EXERCISE
Having located "Cousin like a", write out its line and the remaining lines of the material exactly, the last one included, but not the pictures.

PROVIDED MATERIAL
· · · ·

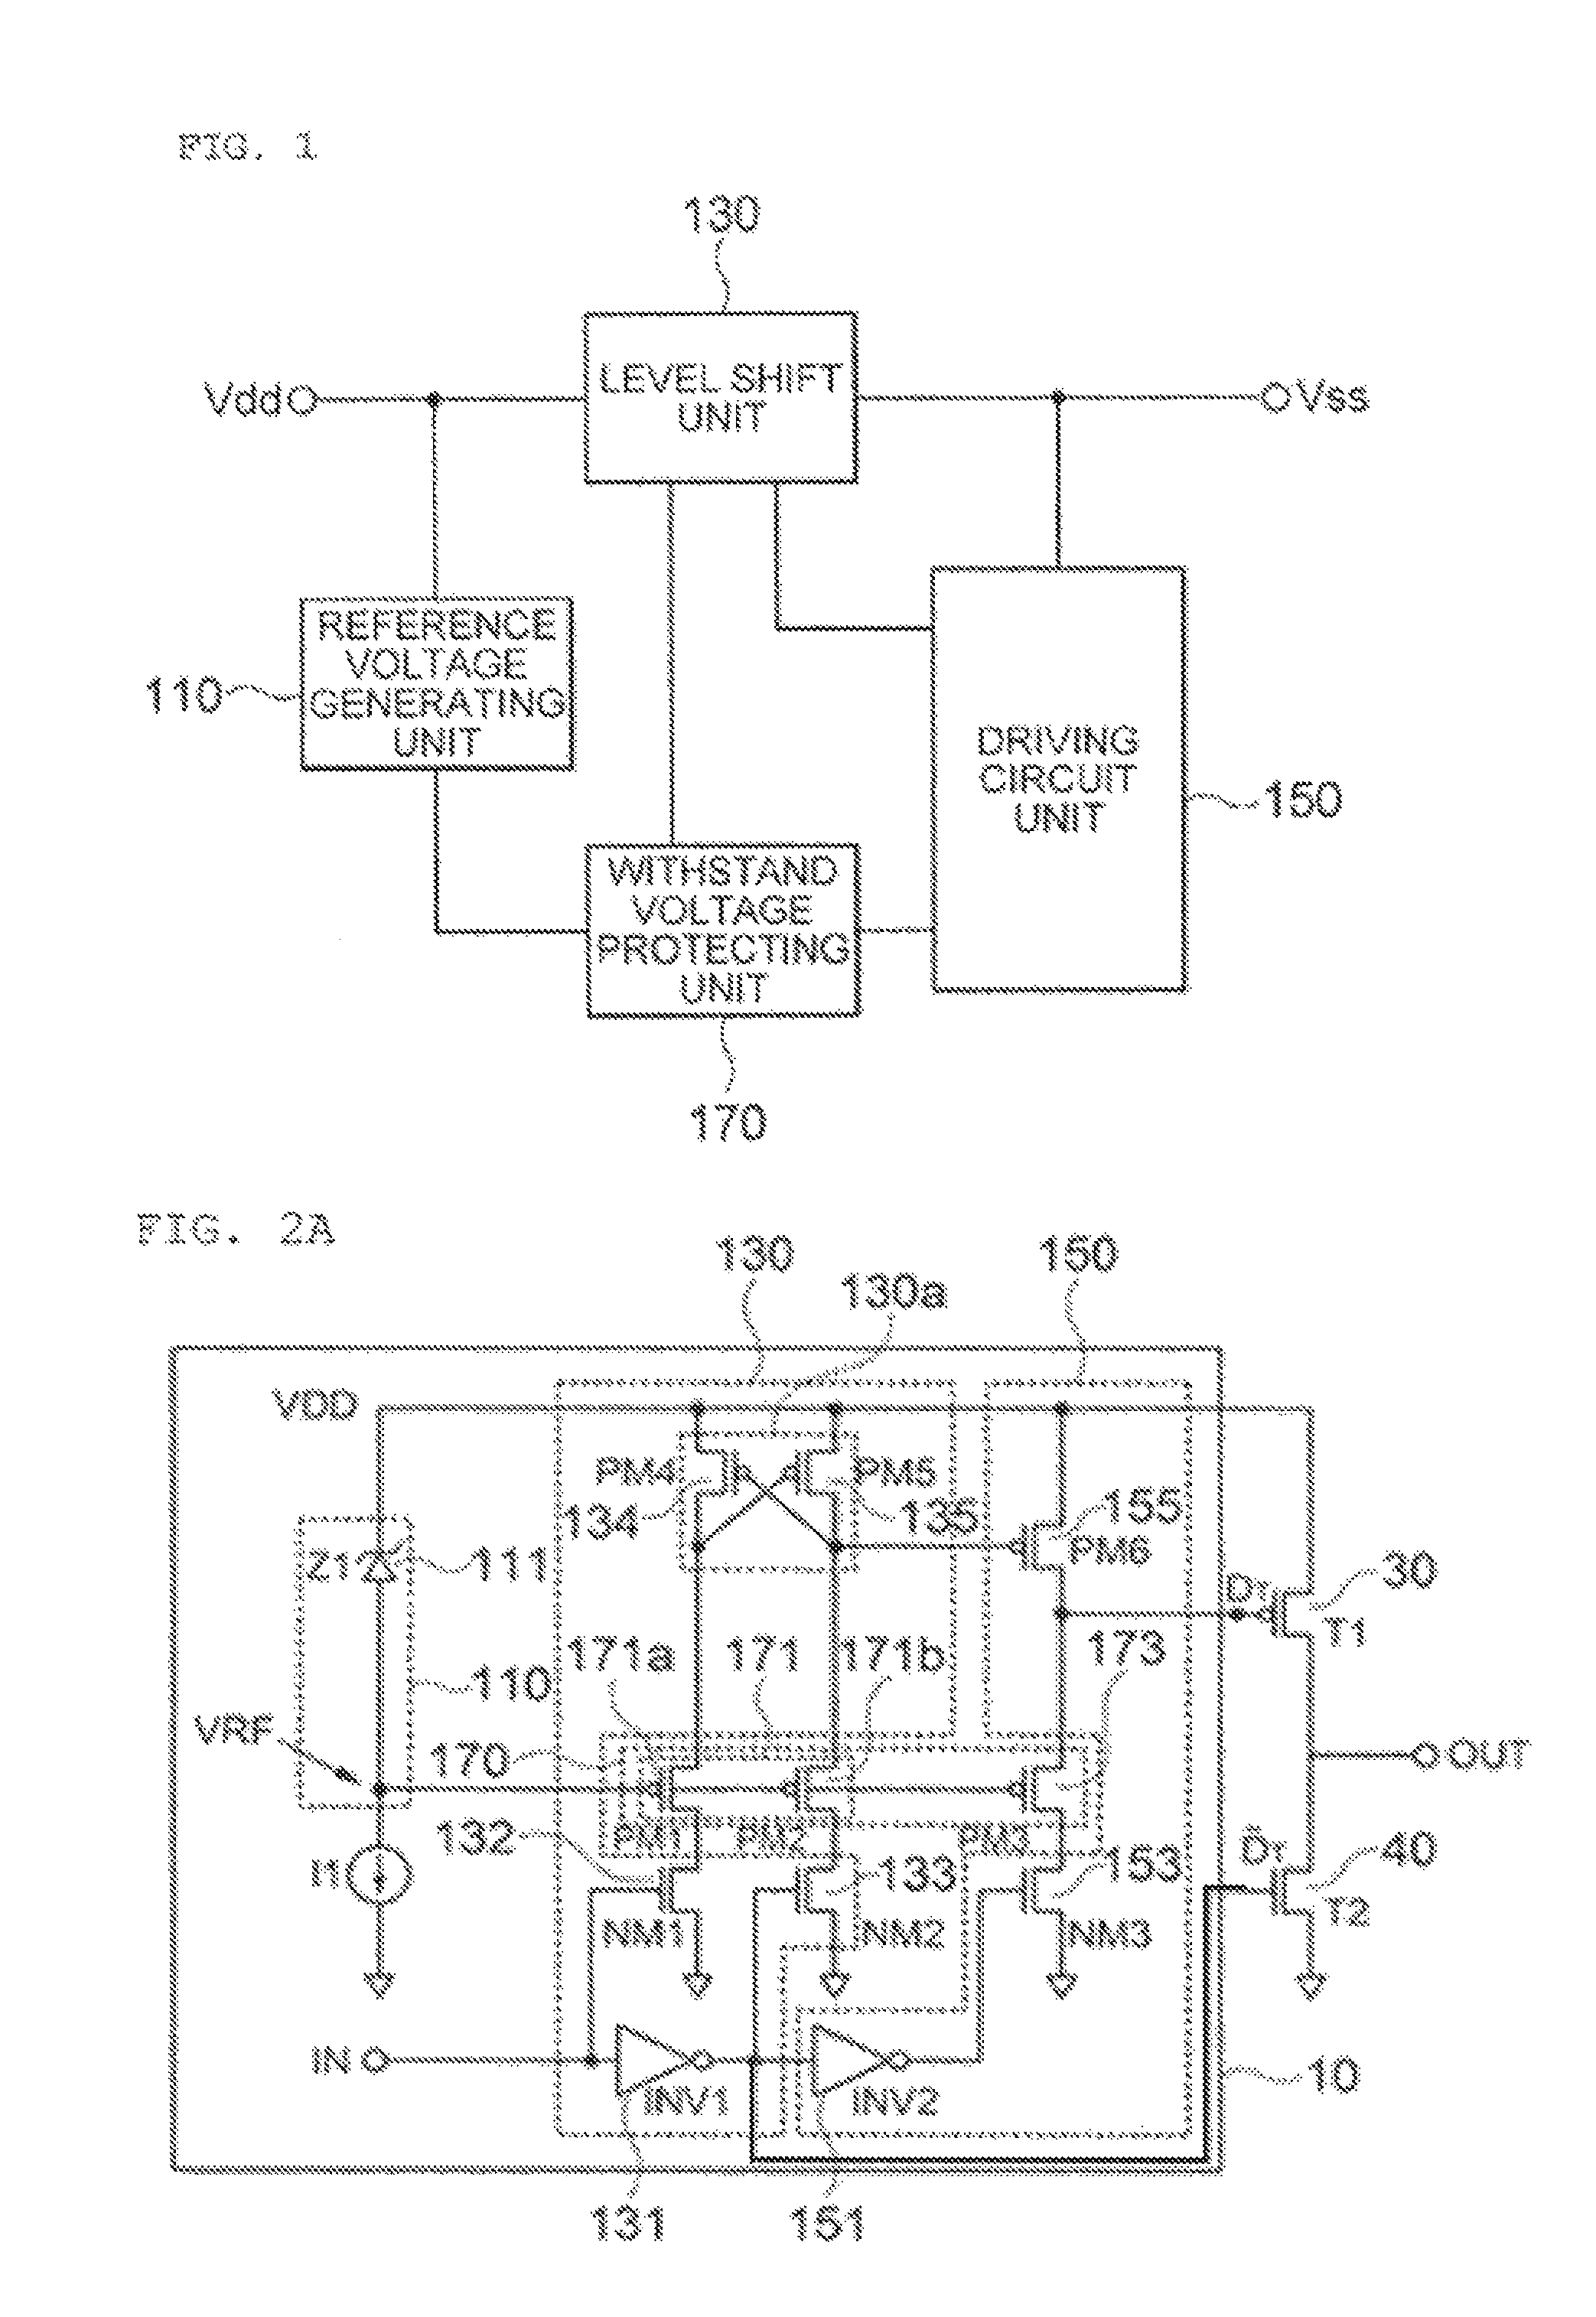 Output driving circuit and transistor output circuit
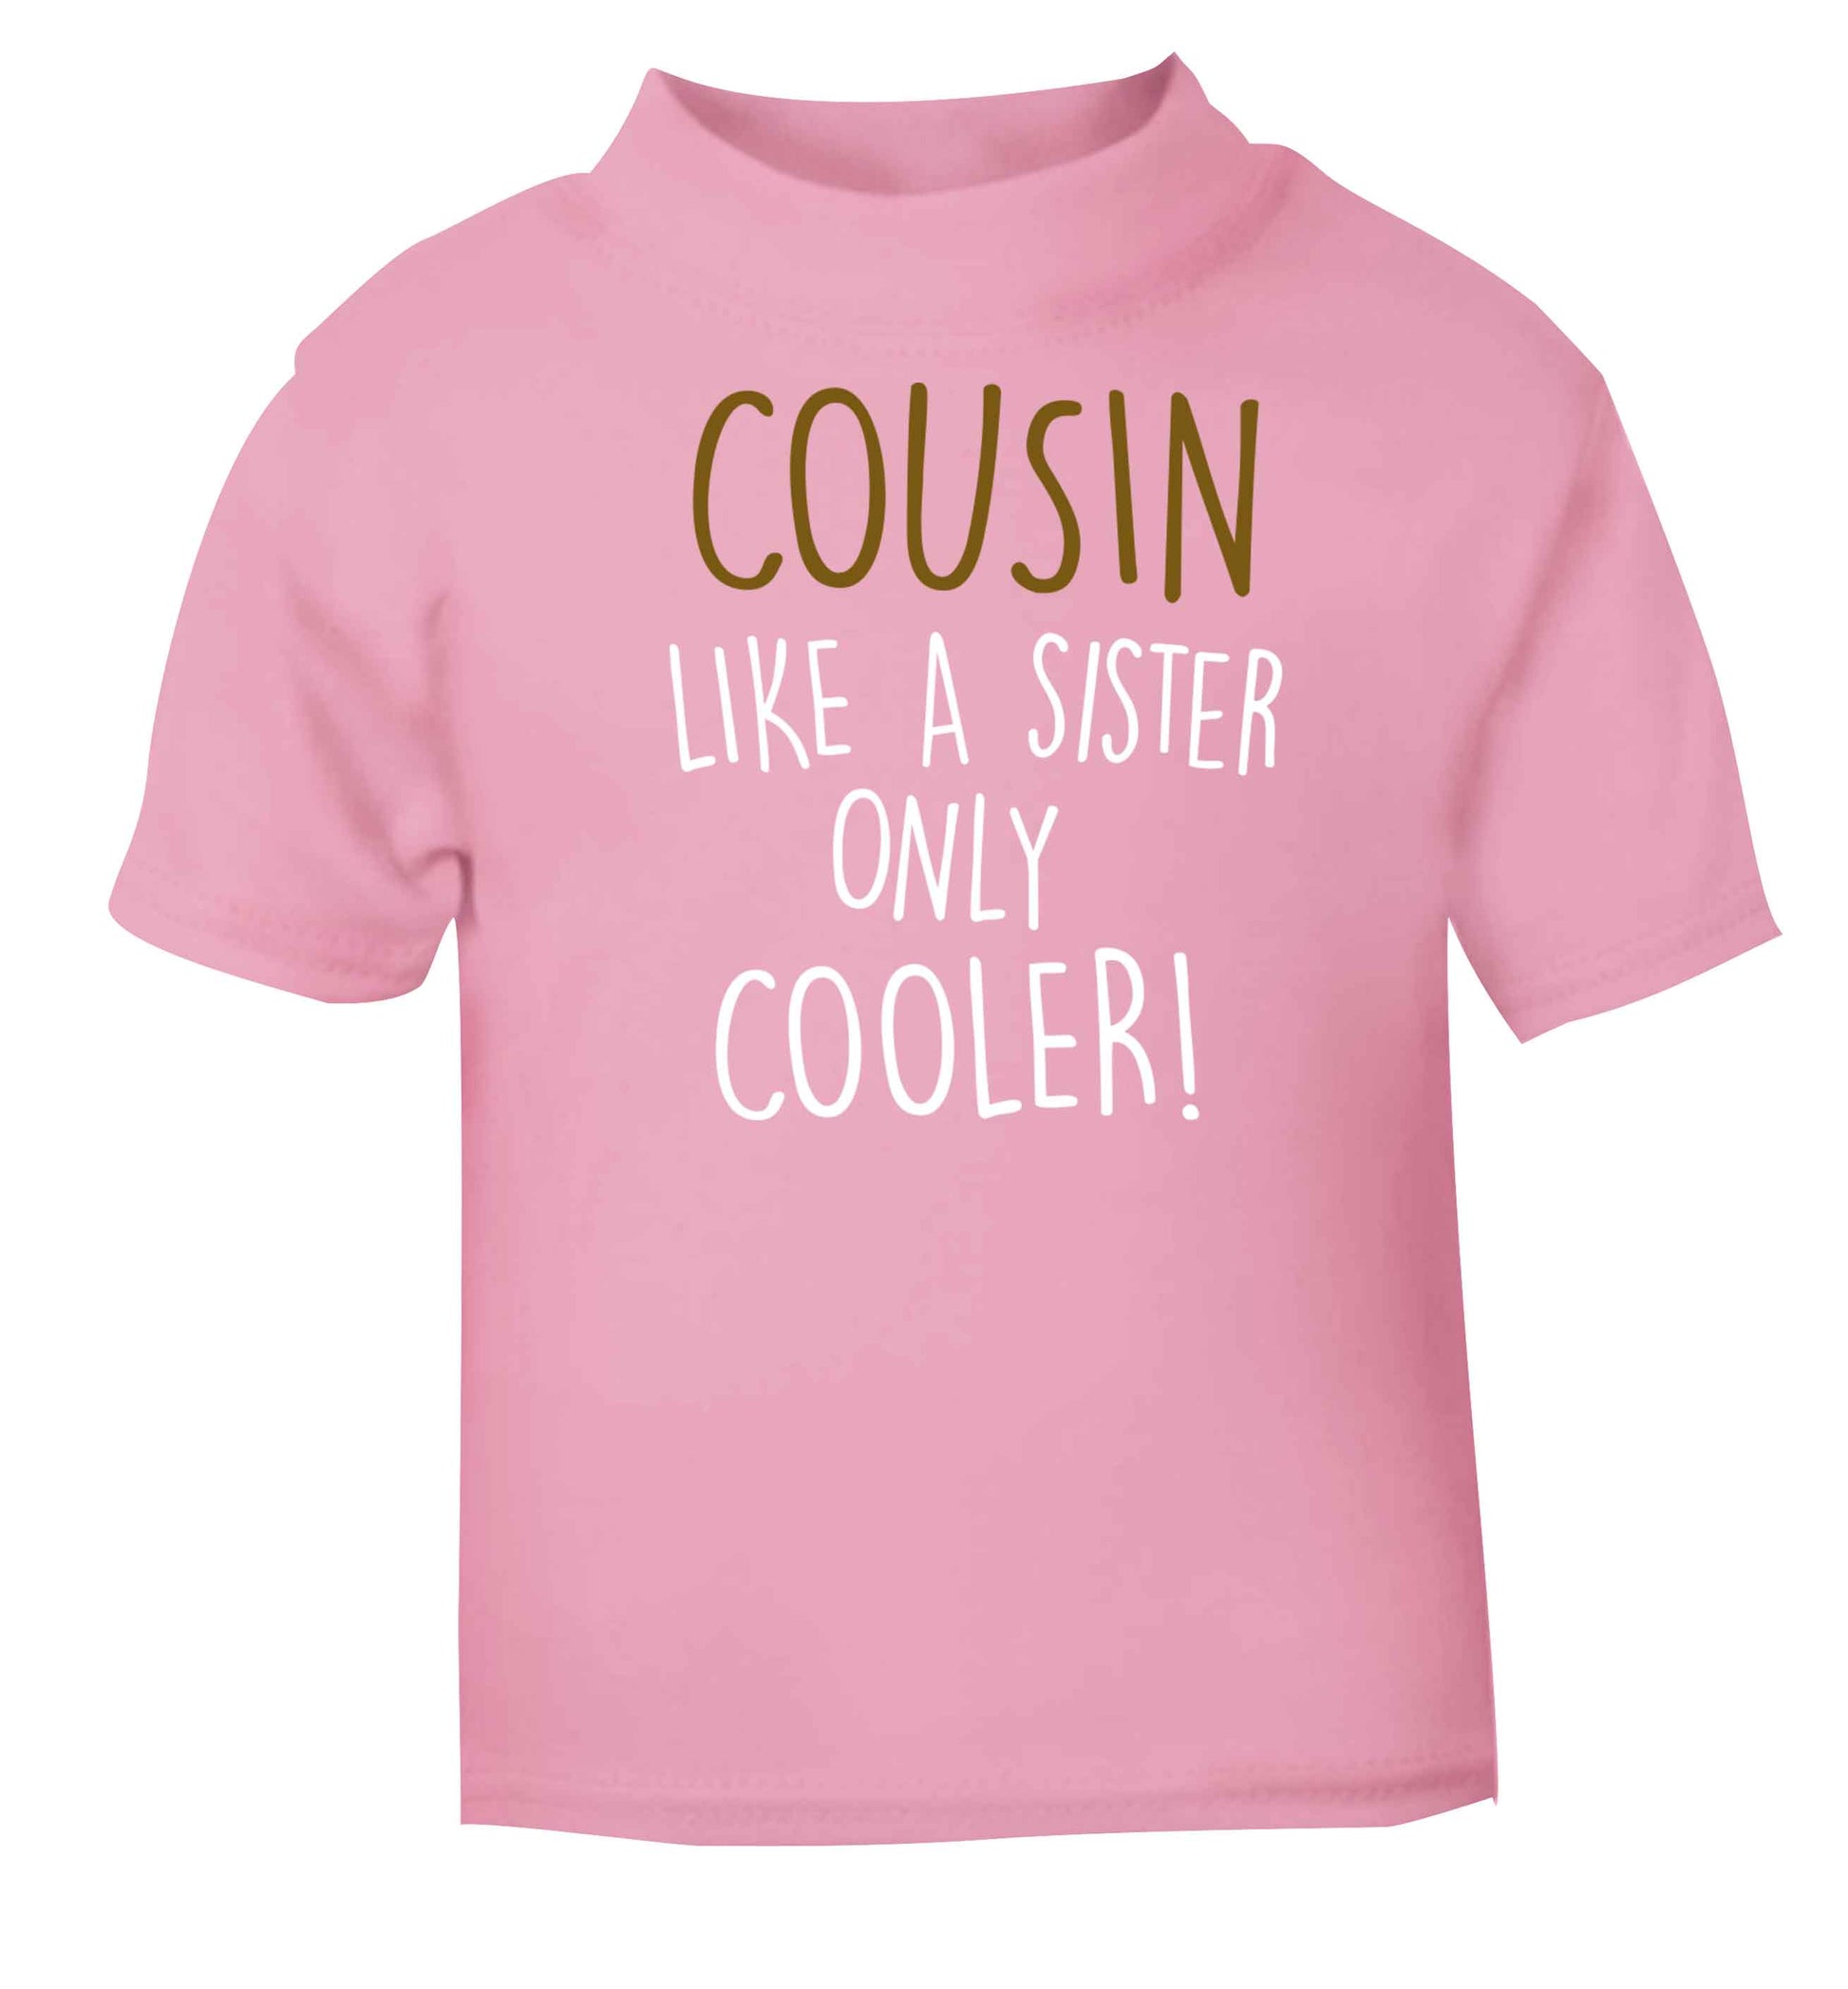 Cousin like a sister only cooler light pink baby toddler Tshirt 2 Years
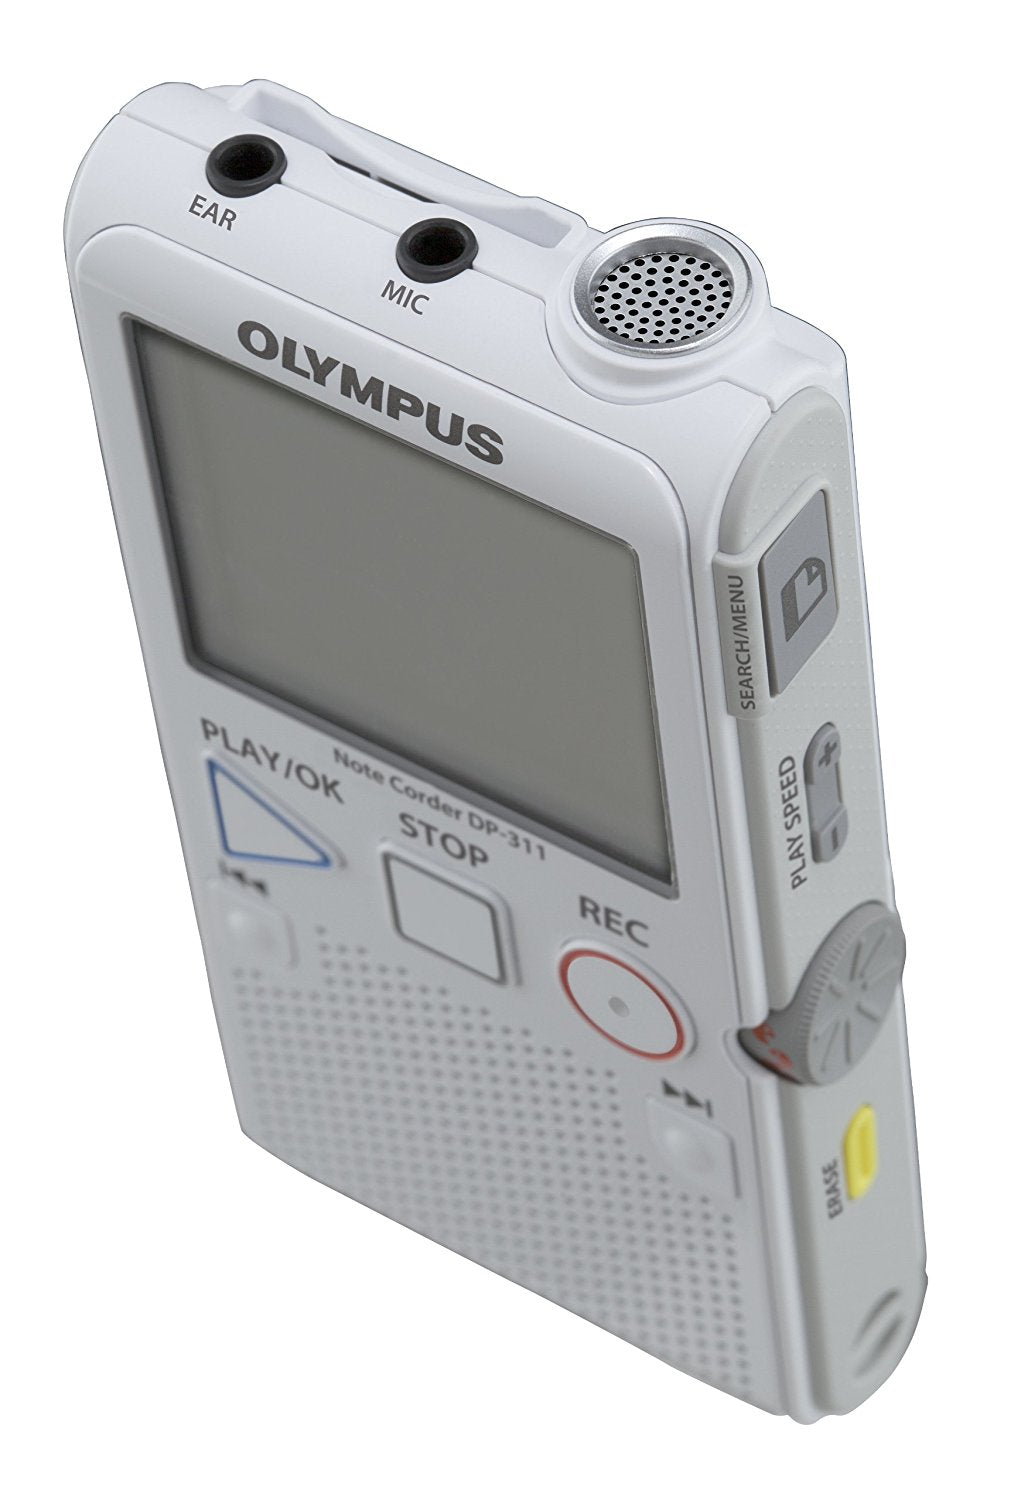 Olympus DP-311 2GB Voice Recorder, Silver with SD Card Slot & Built-in Stand (2 AAA batteries required)- Refurbished

· · · ·

ANSWER SPACE
 Cousin like a sister only cooler light pink baby toddler Tshirt 2 Years
 Olympus DP-311 2GB Voice Recorder, Silver with SD Card Slot & Built-in Stand (2 AAA batteries required)- Refurbished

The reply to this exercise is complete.